FINDLAY, Ohio -- Marathon Petroleum Corp. is working to strengthen its position with gasoline site acquisitions, according to CEO Gary Heminger.

In comments to reporters, Heminger said the Findlay, Ohio-based oil refining company has an "appetite for acquisitions."

"They've been very clear [that] they would like to increase their exposure on the retail side," Ann Kohler, an analyst with CRT Capital LLC in Stamford, Conn., told the Toledo Blade.

Marathon Petroleum separated from its former parent company, Marathon Oil Corp. of Houston, on June 30. The spinoff made Marathon Petroleum the largest company in northwest Ohio and the nation's fifth-largest oil refiner. The company reported revenues of about $62.5 billion last year.

Heminger told Reuters last month that his company is looking to make deals that could add to the bottom line. "We have an appetite for acquisitions -- probably not across the Atlantic, but an appetite for acquisitions, and definitely an appetite to continue to grow our Speedway business," he said.

Marathon Petroleum owns six refineries. It also owns nearly 1,400 Speedway stores in seven states, which employ about 18,000 of Marathon Petroleum's 25,000 employees nationwide. Additionally, the company supplies fuel to 5,100 Marathon gas stations owned by independent operators in 18 states.

In a conference call this month with analysts to discuss the company's second-quarter earnings, Heminger said he is looking for opportunities to expand Speedway in the Southeast. In the Midwest, which is Speedway's largest market, the CEO said he wants to expand the convenience brand near new housing developments or highways, the newspaper reported.

"We want to continue to invest in our retail operations, both at Speedway and the Marathon brand, to continue our strong presence in the markets which we serve," Heminger told analysts.

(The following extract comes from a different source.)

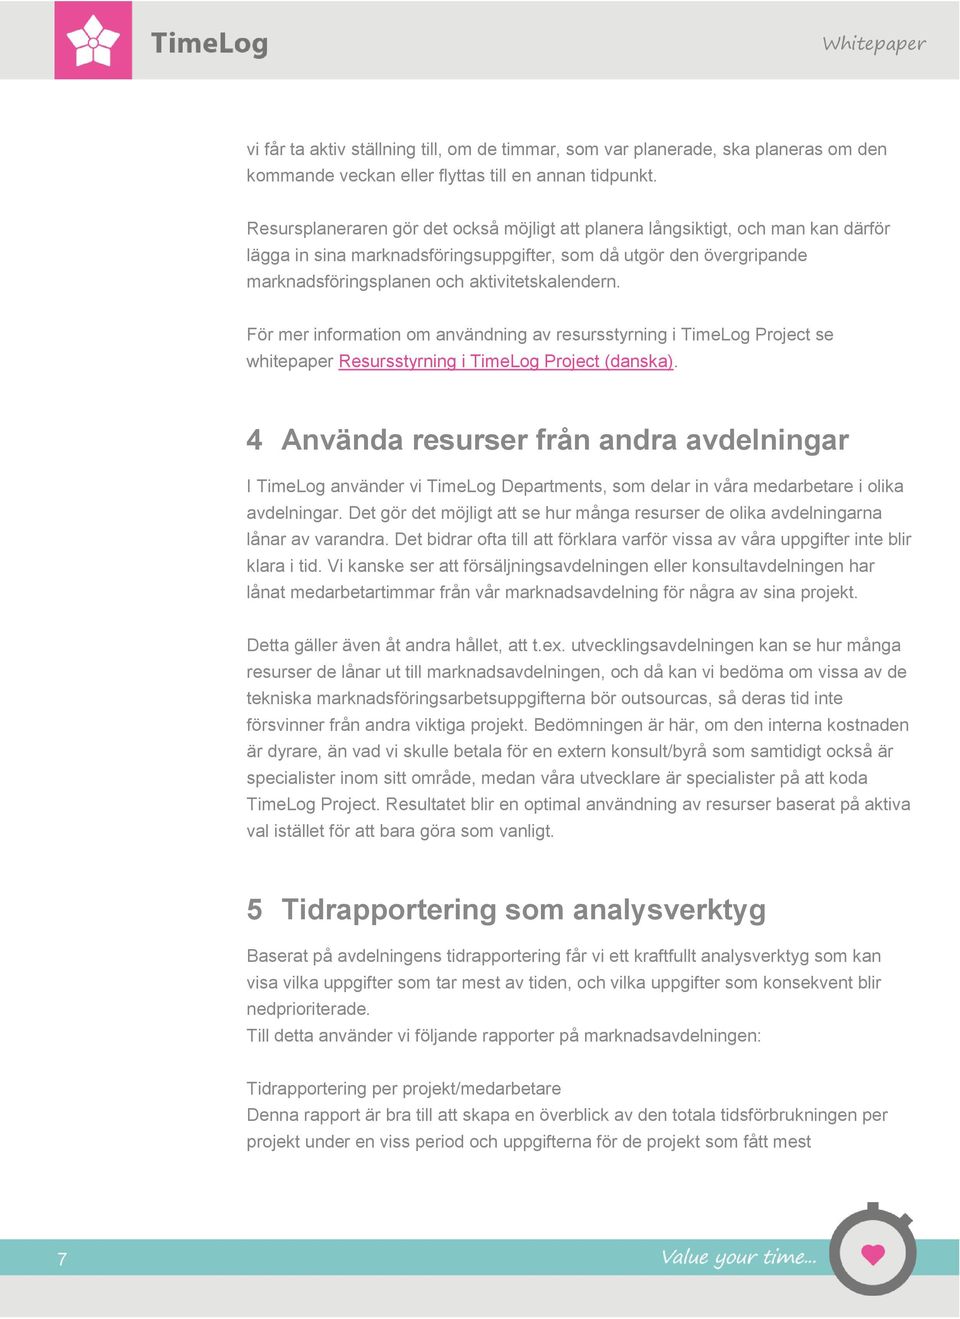 För mer information om användning av resursstyrning i TimeLog Project se whitepaper Resursstyrning i TimeLog Project (danska).
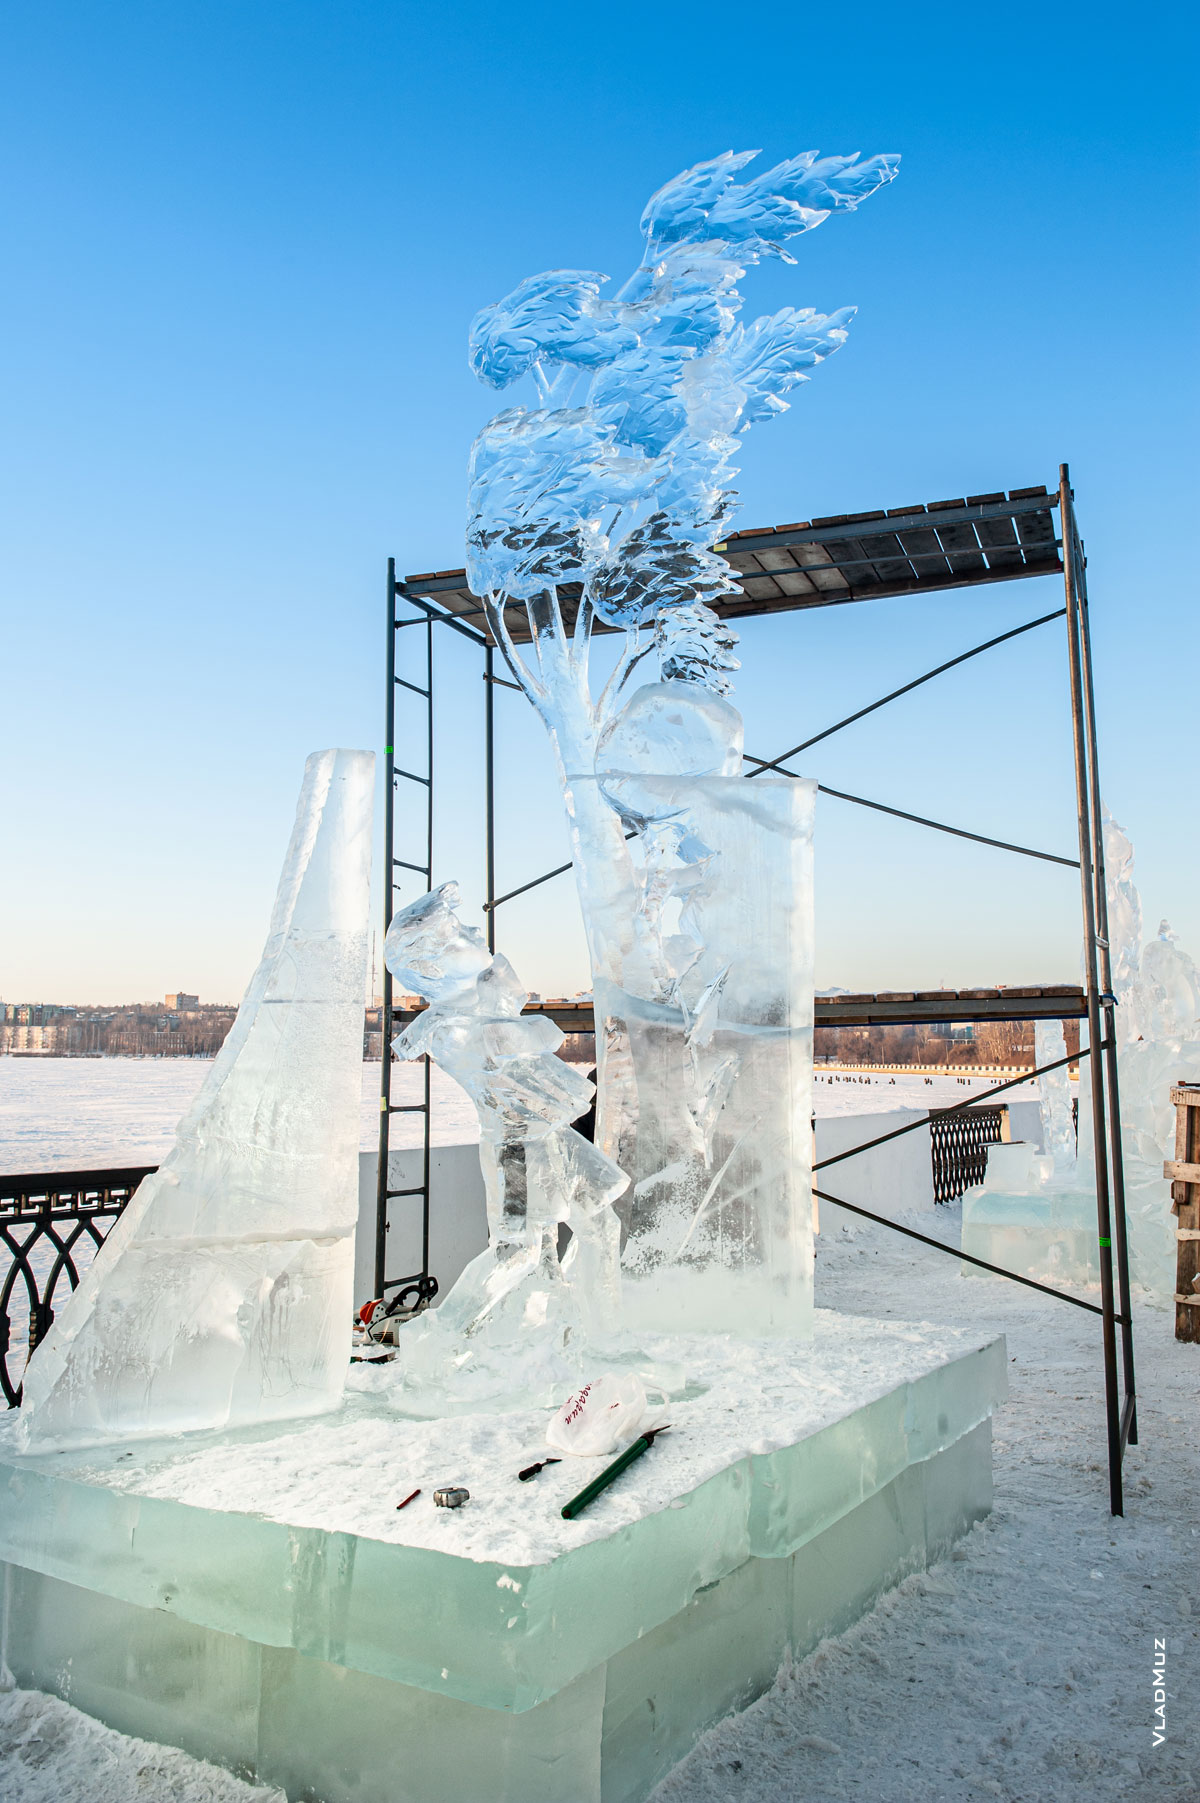 Ижевск, фестиваль «Удмуртский лед»: фото процесса создания ледовой скульптуры «Каникулы»

The company recently spent about $70 million to acquire 23 stores in Chicago and northwestern Indiana.

Marathon Petroleum also spent $3.9 billion to expand its oil refining capacity at its Louisiana facility to 436,000 barrels of crude oil a day, up from 180,000 barrels a day. It recently received approval from Louisiana state officials to further ramp up the production to 545,000 barrels a day.

Kohler said a larger retail network would position Marathon Petroleum to capture fuel sales that might otherwise go to competitors such as Chevron, BP, ExxonMobil and others.

"It allows you to run your refinery harder than somebody who's not as highly integrated because you have a natural home for that product," she said.

This would be Marathon's second time entering the gas retail market in the Southeast. Under Marathon Oil, the company decided in 2003 to sell about 200 stores in Tennessee, Florida, Georgia and South Carolina.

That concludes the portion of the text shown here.